After expounding on these ideas, it would be risky for me to claim that I'm neither scarred nor warped in this respect. From my earliest childhood, circumstances have forced me to satisfy not my cultural longings but my natural inclinations. And for this reason I can honestly say that I find the culturally inspired masochism of resignation and the sadism of forced change equally abhorrent. Unlike my poor friend, who ventured into the realm of human desires and turned his body into the object of his emotional experiments, I turned my body into an instrument, a means to an end, and thus my desires have become only the stern supervisors of my natural inclinations.

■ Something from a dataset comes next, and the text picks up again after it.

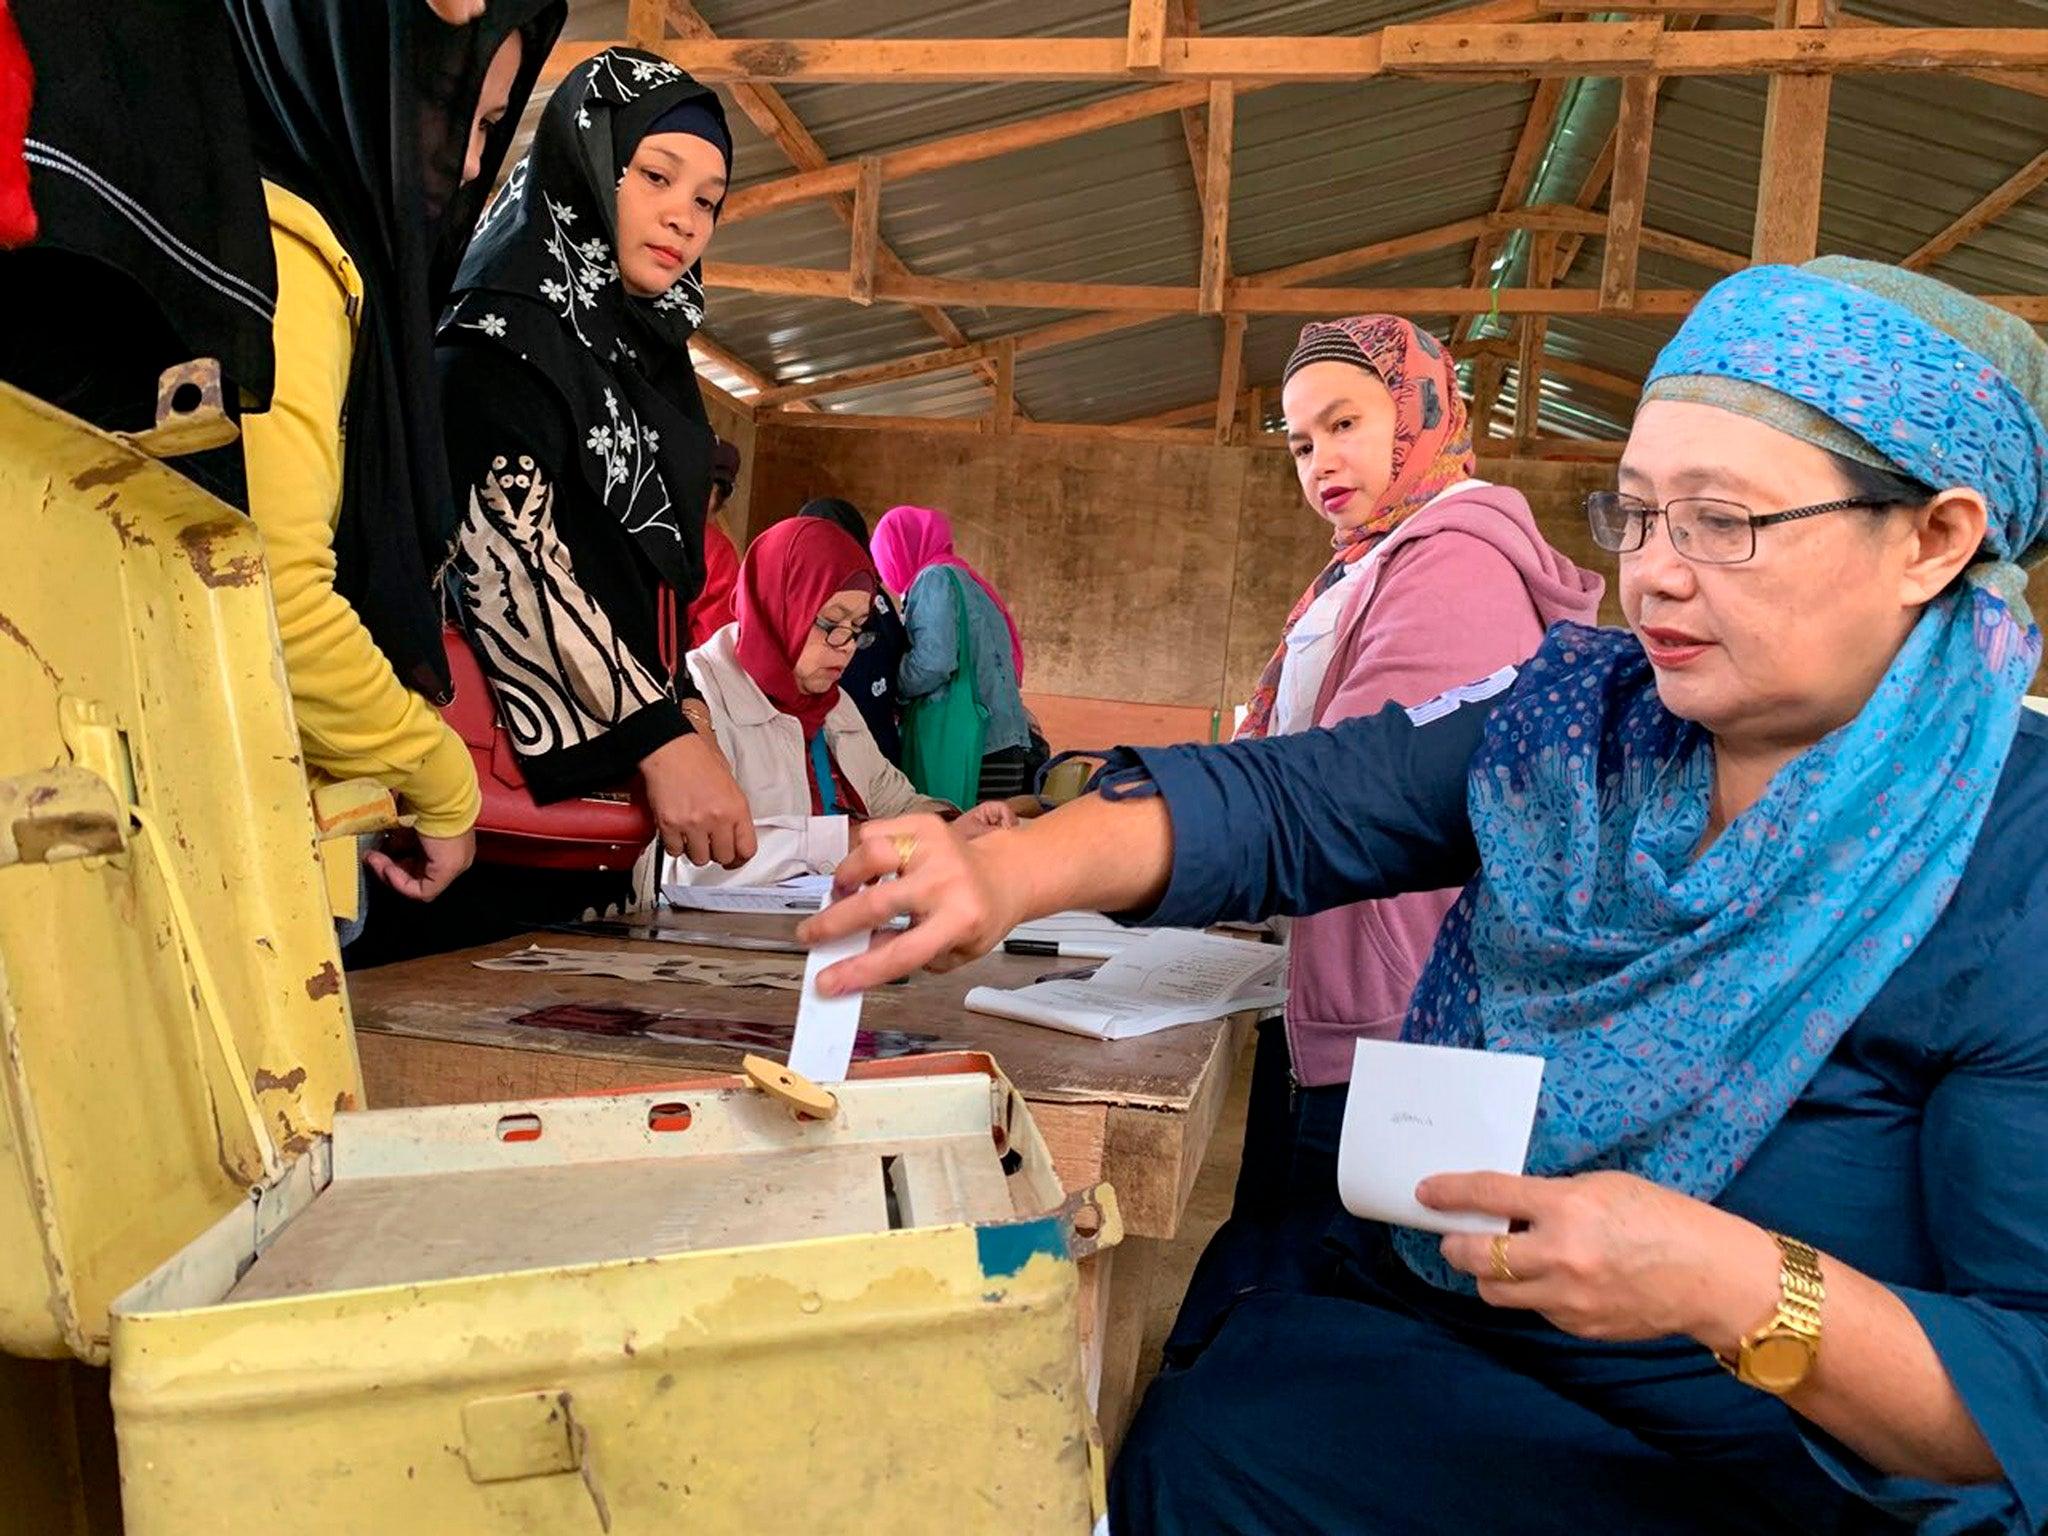 Muslim Filipino voters in autonomous region | The Independent
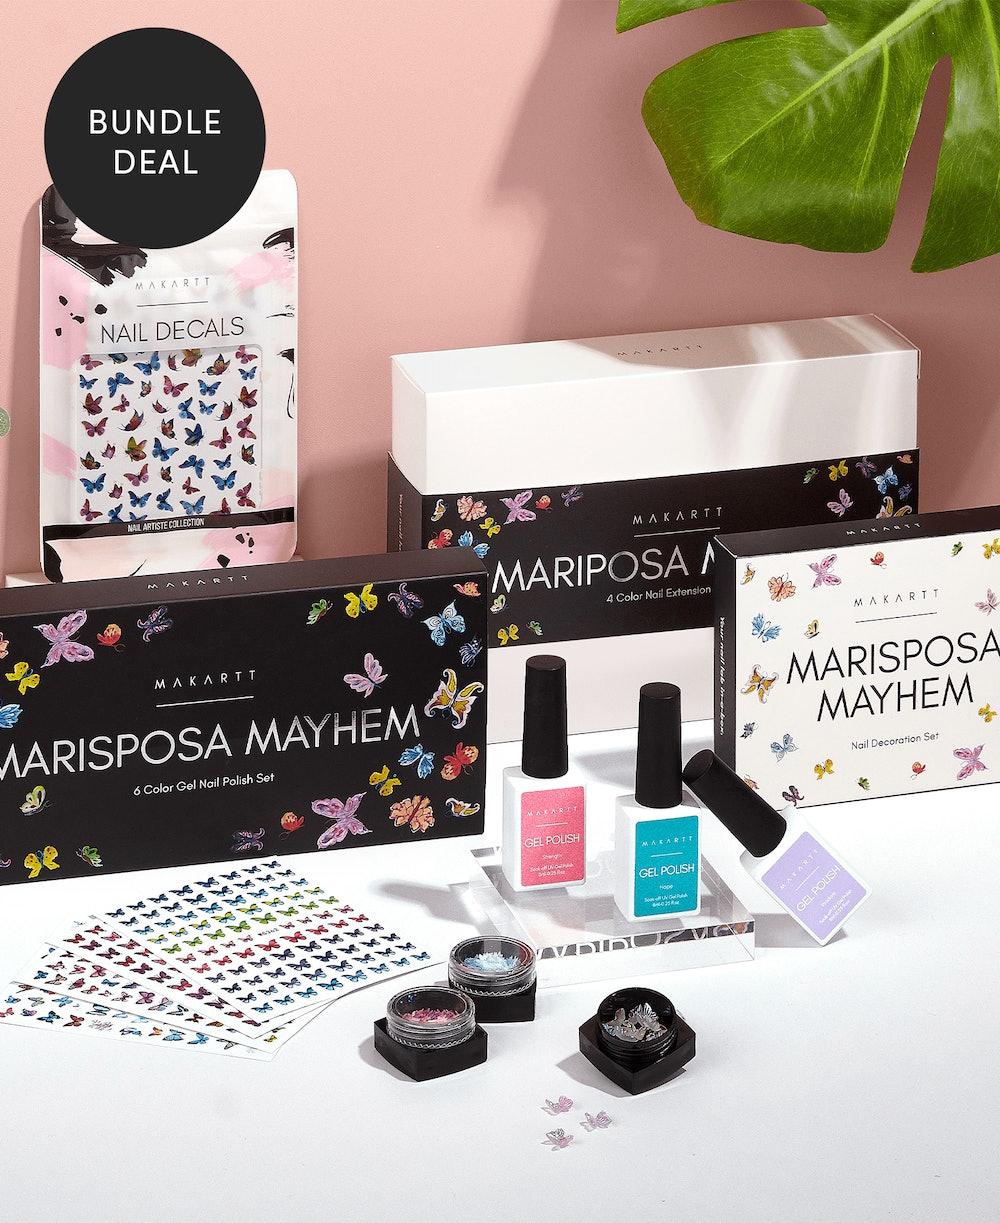 Mariposa Mayhem Full Collection Bundle

Because my origins were so problematic, I viewed with great hostility anyone who tried to convince me there was something wrong with me, or anyone who considered me exceptional because of my physical attributes. I couldn't accept these judgments. Life for me was not something to accept as inevitable or something that had to be changed; what I wanted was to find, in the only life that was mine, the possibilities congenial to my character. And in pursuing these possibilities I have been, if not passionate, definitely obsessive.